When setting my watch, anything within a minute is good enough. TOTP tokens are valid for a few minutes after Google Authenticator displays them. Meetings at work always start a minute or sometimes two after the hour. And when writing distributed software, systems other than cloud spanner (which rely on special hardware) must be built to tolerate clock differences of several minutes between systems.

So if we don’t ever rely on millisecond accurate time (without cesium and satellites being involved the worst case delta is still bad), why even attempt to achieve it? Why is NTP worth the complexity on most systems versus something like time protocol or course time?

  1.  

  2. 37

    Several points here. First NTP isn’t really that complex, compared to e.g. register allocation in modern compilers, sending packets via WLAN or mobile data, or even minor decision trees in modern software.

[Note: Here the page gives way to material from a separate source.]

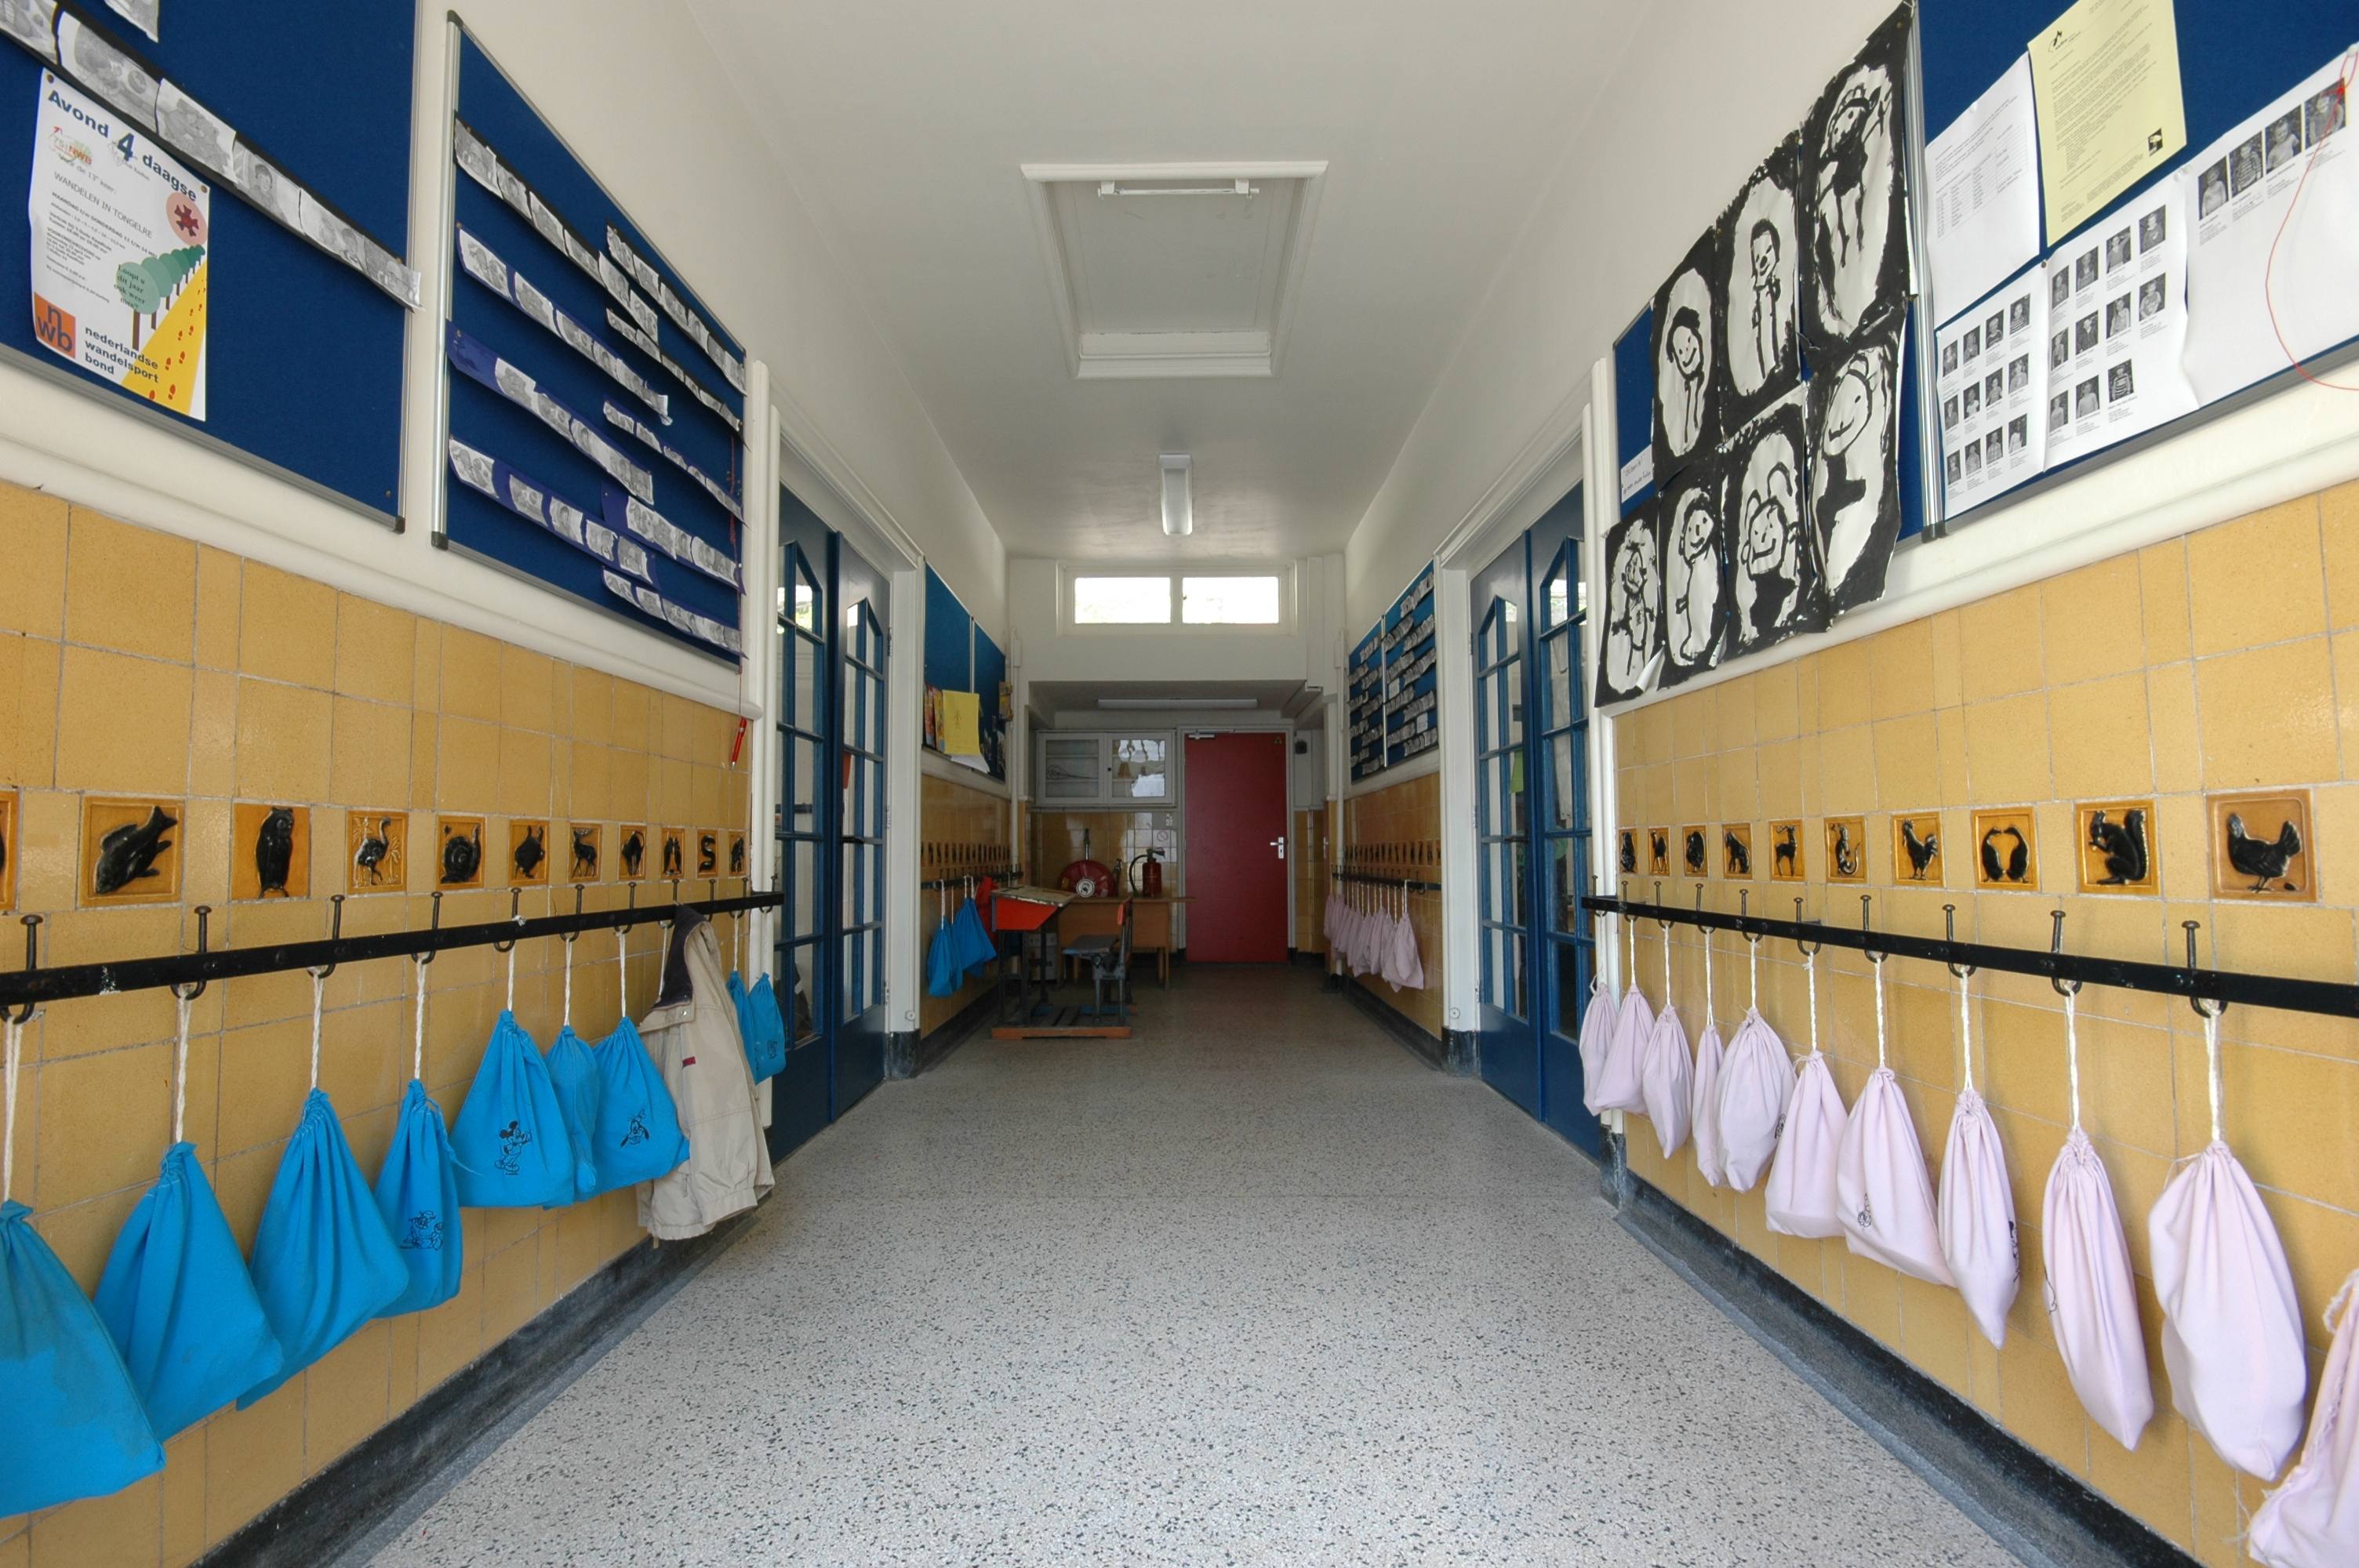 Nutskleuterschool fr belschool onderdeel van basisschool reigerlaan in eindhoven monument - Een gang ...

    Second, it doesn’t have to be needed by a majority, it just has to be needed by enough to make a suitable default. Some number of servers need synchronised time, or time that cannot be easily manipulated by an attacker. Rather like how you might be happy with rsh, but some number of servers store sensitive data etc and need ssh. So systems like debian have to ask: Is accurate time, or reliable time, or encryption, necessary for enough debian users to make it the default? That’s not a majority question, it’s a tradeoff. Functionality versus cost.

    Third, we rely on accurate time more often than you might think, for various meanings of “accurate”. Accurate can mean that the servers in a load balancing cluster agree, or that communicating software agrees, or that time is monotonous across reboots, or that a server agrees with the stratum-0 NTP servers far away. Right now I’m running something that uses 84 third-party libraries, how much will you bet that all of those 84 require zero of the four varieties of accuracy?

    NTP was developed for telecommunications. Telecoms requires accurate time, in the second and/or third senses. The second probably matters for you right now: Your portable device and the base station have to agree at the nanosecond level. They don’t need to agree with distant stratum-0 servers, but sharing airtime efficiently requires close agreement among the broadcasters and listeners in the local area. There’s no cesium involved, and the worst case is still in the nanoseconds, because the use case doesn’t involve stratum 0.

    I’ve seen that in another context, which might be an illustrative anecdote. It concerns a large server farm hosted at two cloud providers. Now and then a load balancer would create another backend instance and the instance would come up with a bad clock, and that eventually led to slow pageviews for a page that involved a specific kind of database write. It didn’t have to, the software could have been written to to tolerate time skew. But it wasn’t, and that wasn’t caught during in the test environment, because the test environment used fewer instances and so had little chance to get bad time. You say software “must be built to tolerate”. No. We had a choice, and the possibilities were to have the developers be on guard against another kind of bug, or expand the test environment such that this kind of problem would be caught by automated testing, or sync time in the production development.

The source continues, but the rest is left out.